*** Opening of Dataset extract ***
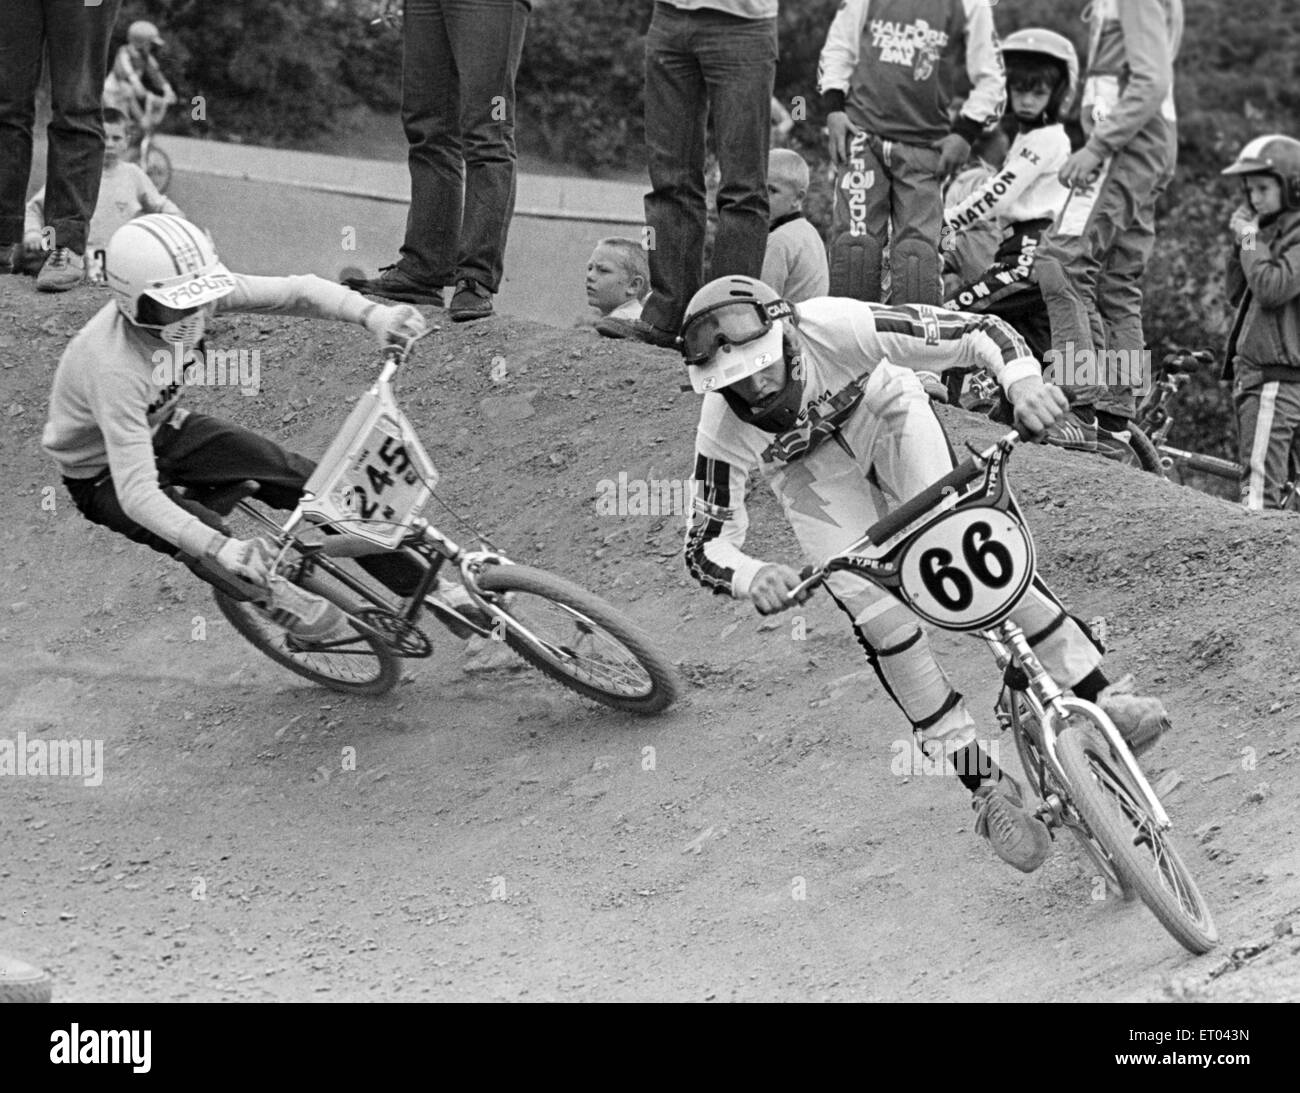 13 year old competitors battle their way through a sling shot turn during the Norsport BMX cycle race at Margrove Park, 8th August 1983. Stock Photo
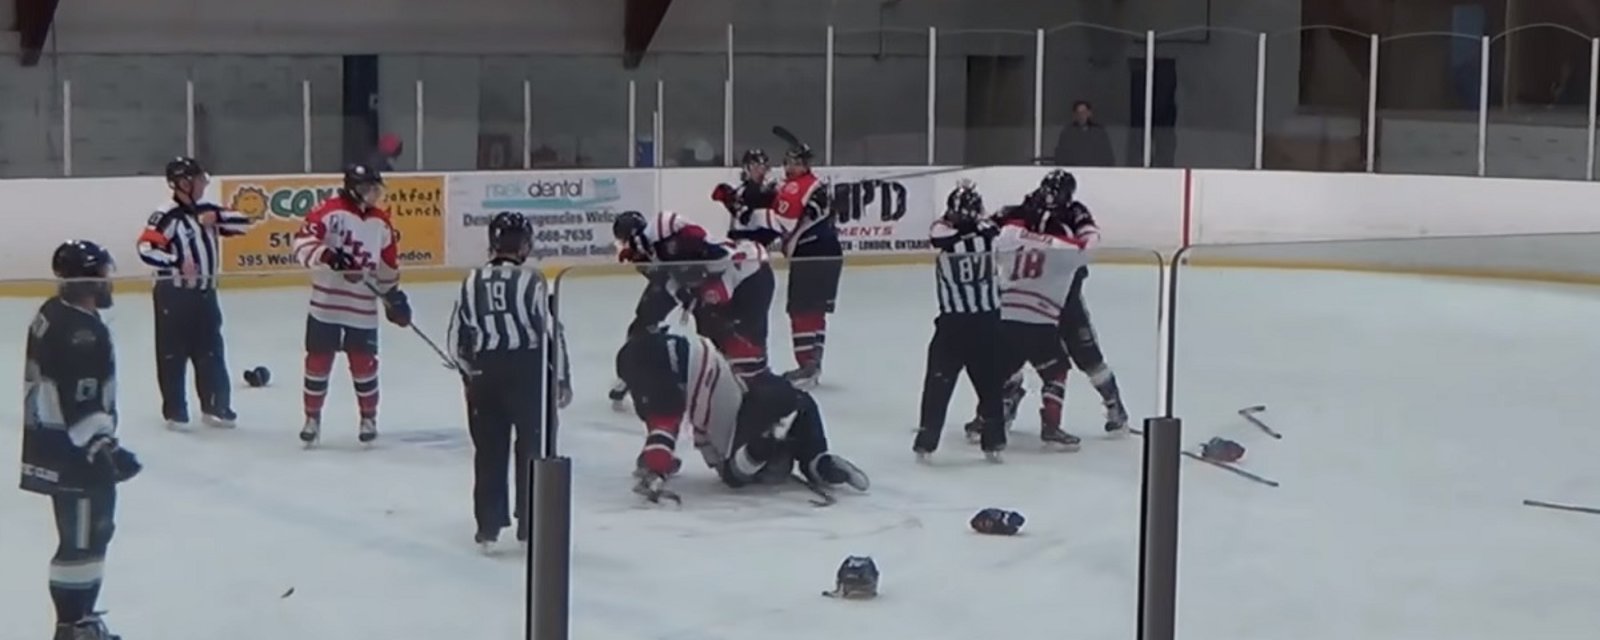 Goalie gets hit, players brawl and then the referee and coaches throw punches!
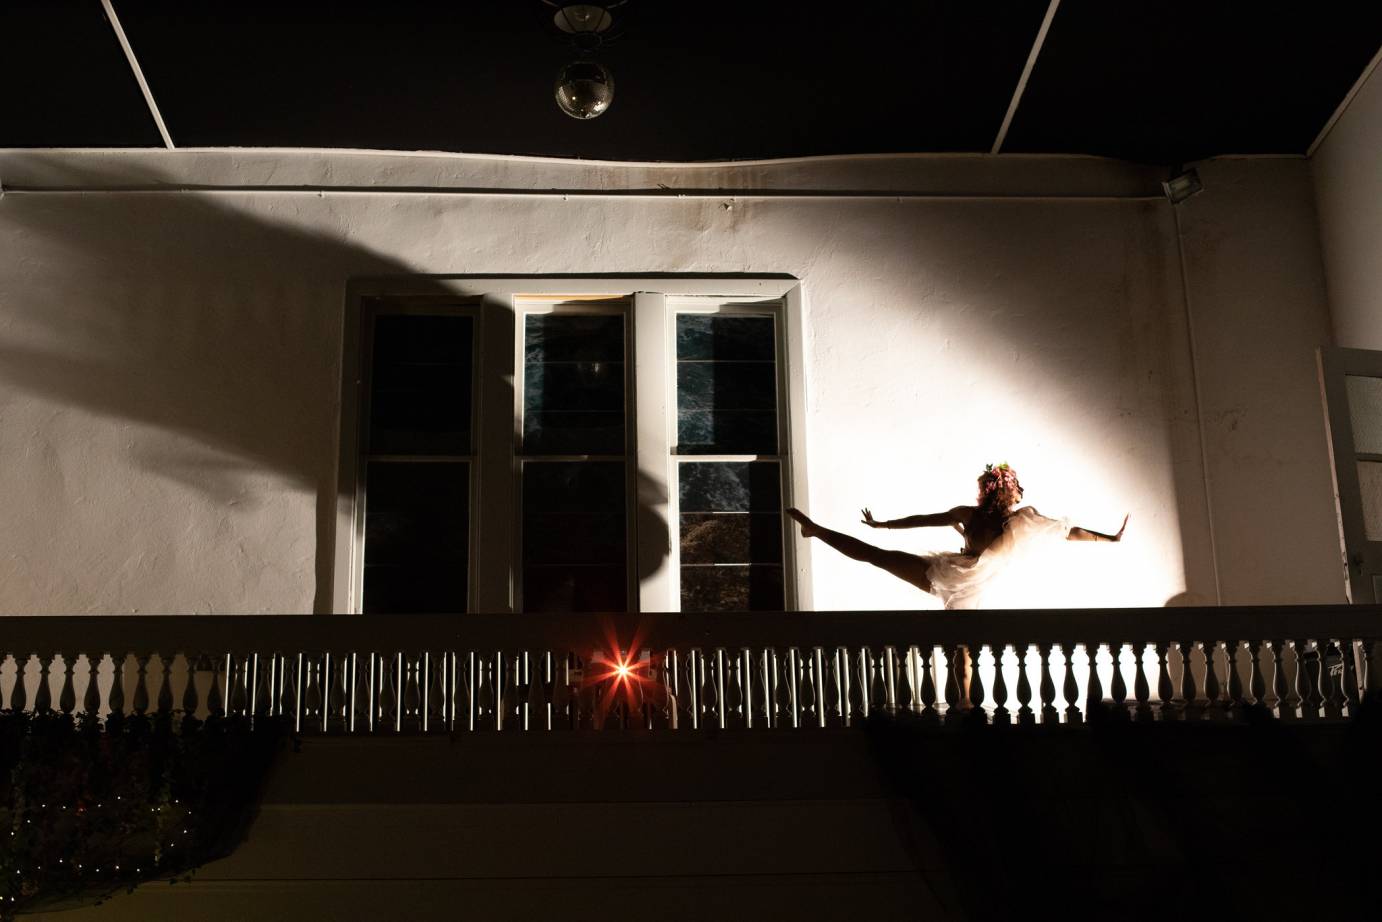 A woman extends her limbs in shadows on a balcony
*** Close of Dataset extract ***
Description of the task =
Your answer should consist solely of the lines from the one holding "Goalie gets hit, players" through the end of the listing, reproduced exactly and without pictures.

Your response =
 Goalie gets hit, players brawl and then the referee and coaches throw punches!
 A woman extends her limbs in shadows on a balcony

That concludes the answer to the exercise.